Barroso warnte Orban, er müsse neben rechtlichen auch politische Aspekte der Kontroverse mitbedenken. So brauche Ungarn die volle Unterstützung der EU-Staaten für seine Ratspräsidentschaft. Die Pressefreiheit sei "ein heiliges Prinzip der Europäischen Union" und Medienpluralismus sei ein "grundlegendes Prinzip" der europäischen Gesellschaften.
Barroso forderte Orban auf, der Kommission die Fassung des Gesetzes offiziell zukommen zu lassen, damit die EU-Behörde das Mediengesetz prüfen könne. Erst am gestrigen Donnerstag habe die EU-Kommission eine Übersetzung bekommen, "der wir voll vertrauen". Barroso verwies auf das Schreiben der für audiovisuelle Medien zuständigen EU-Kommissarin Neelie Kroes, in dem diese "Zweifel" an der Unabhängigkeit der ungarischen Medienbehörde und ihrer Besetzung geäußert hatte. Die EU-Kommission prüft das ungarische Mediengesetz lediglich in Hinblick auf die Umsetzung der EU-Richtlinie für audiovisuelle Medien, nicht bezüglich der Grundrechtecharta, die Medienfreiheit vorschreibt.
Berlin und Paris machen Druck
Orban, der bereits vor der Vorsitzübernahme von Belgien einen "schlechten Start" der ungarischen EU-Präsidentschaft eingeräumt hatte, betonte es sei eine Voraussetzung für den EU-Vorsitz, dass die Debatte um das Mediengesetz das nächste Halbjahr nicht überschatte. Ungarn sei Ziel "beträchtlicher Angriffe" wegen des Mediengesetzes. "Ich glaube die erste Salve ist vorbei, die zweite Phase startet jetzt, wo die Übersetzung des Mediengesetzes jedermann zugänglich ist." Die Reaktionen seien sehr emotional.
Unter anderem hatten die deutsche und französische Regierung Änderungen an dem Gesetz verlangt. Der deutsche Regierungssprecher Steffen Seibert sprach am Freitag von "problematischen Gesetzesregelungen". Luxemburgs Außenminister Jean Asselborn bekräftigte seine Forderung nach einem raschen Eingreifen der EU-Kommission. Auch der Vizepräsident der Sozialdemokraten im Europaparlament, Hannes Swoboda, erneuerte seine Kritik. ÖGB-Präsident Erich Foglar nannte das ungarische "Zensurgesetz" "demokratiepolitisch bedenklich".

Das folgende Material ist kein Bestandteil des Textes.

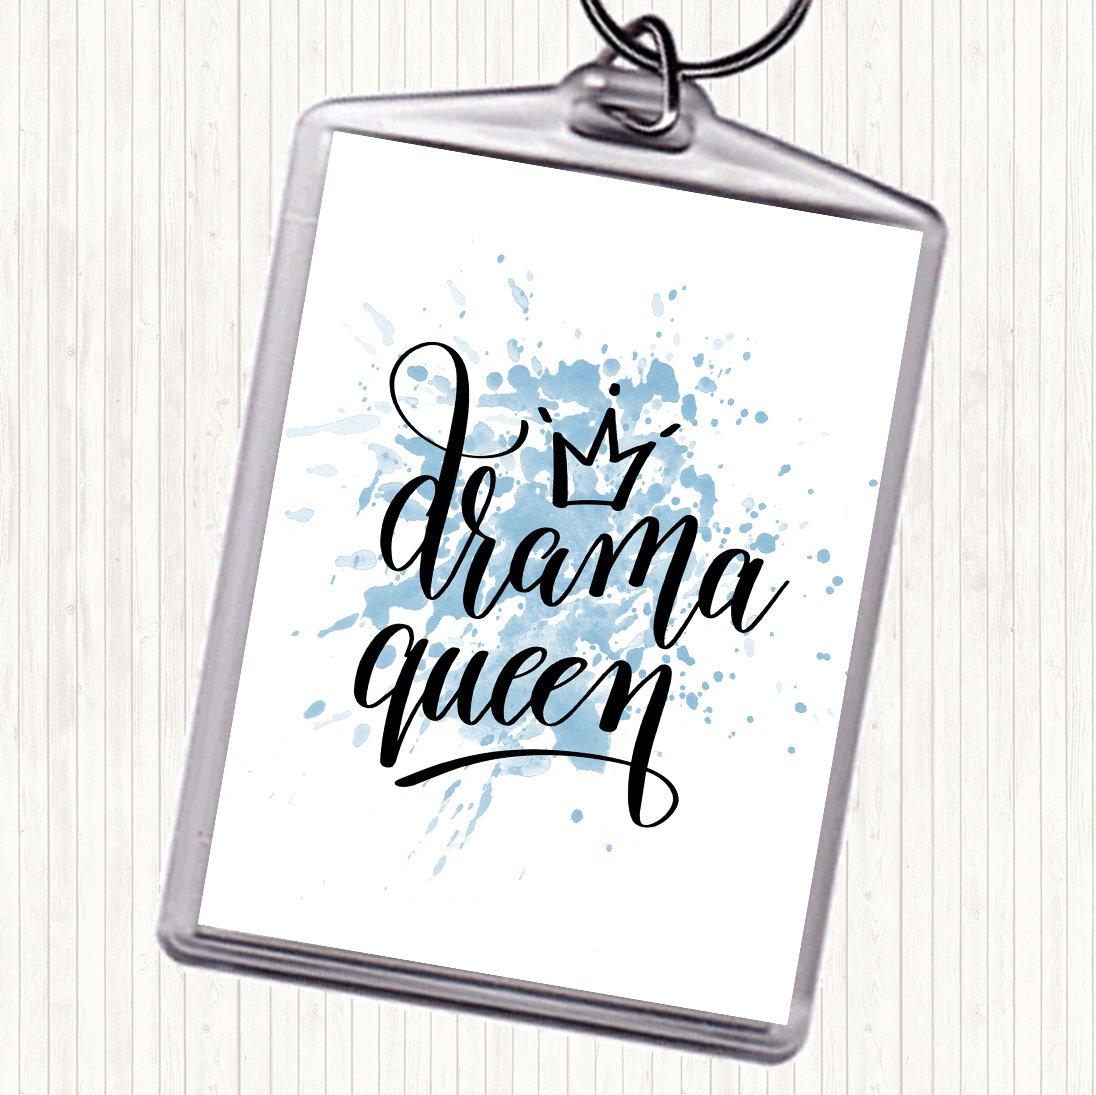 Drama Queen - Llavero con cita inspiradora: Amazon.es ...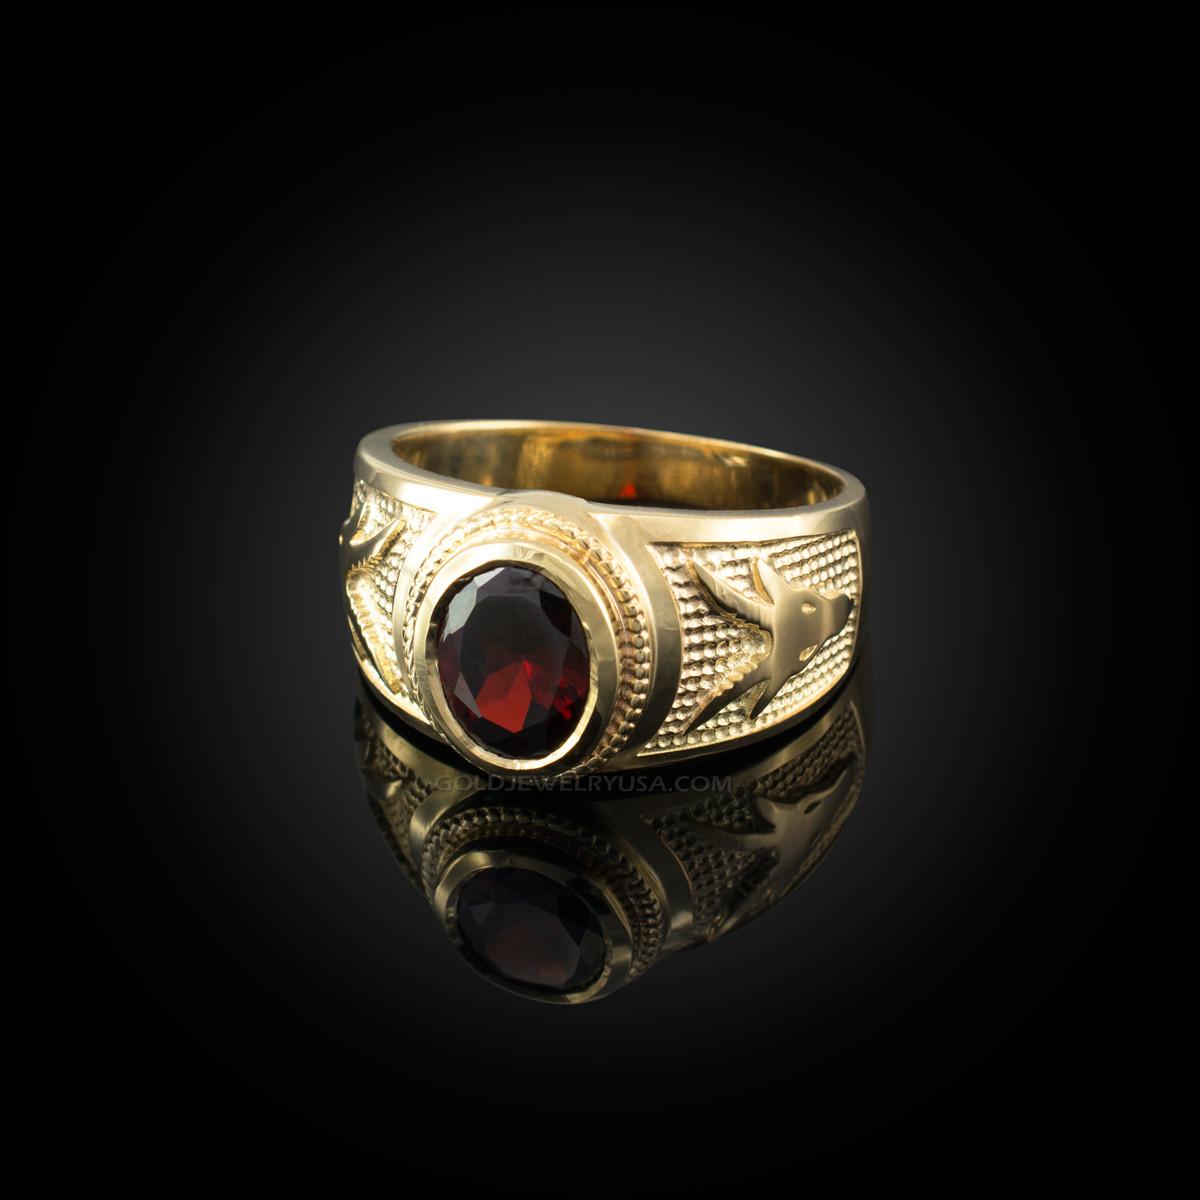 Capricorn 10k or 14k Solid Yellow Gold Zodiac CZ Ring

Die von Fidesz kontrollierte Medienbehörde NMHH kann seit Jahresbeginn Medien, deren Berichte als "nicht politisch ausgewogen" erachtet werden, mit hohen Geldstrafen belegen. Auch müssen Journalisten dem Gesetz zufolge ihre Quellen offenlegen, wenn es um Fragen der nationalen Sicherheit geht. Das Internationale Presse-Institut (IPI) berichtete am Freitag von einem ersten Fall, in dem die Medienbehörde gegen einen privaten Radiosender vorgehe. Dem Sender Tilos wird vorgeworfen, Lieder des US-Rappers Ice-T mit nicht jugendfreiem Inhalt im Nachmittagsprogramm abgespielt zu haben, was das neue Gesetz verbietet. (Text: APA, Red.)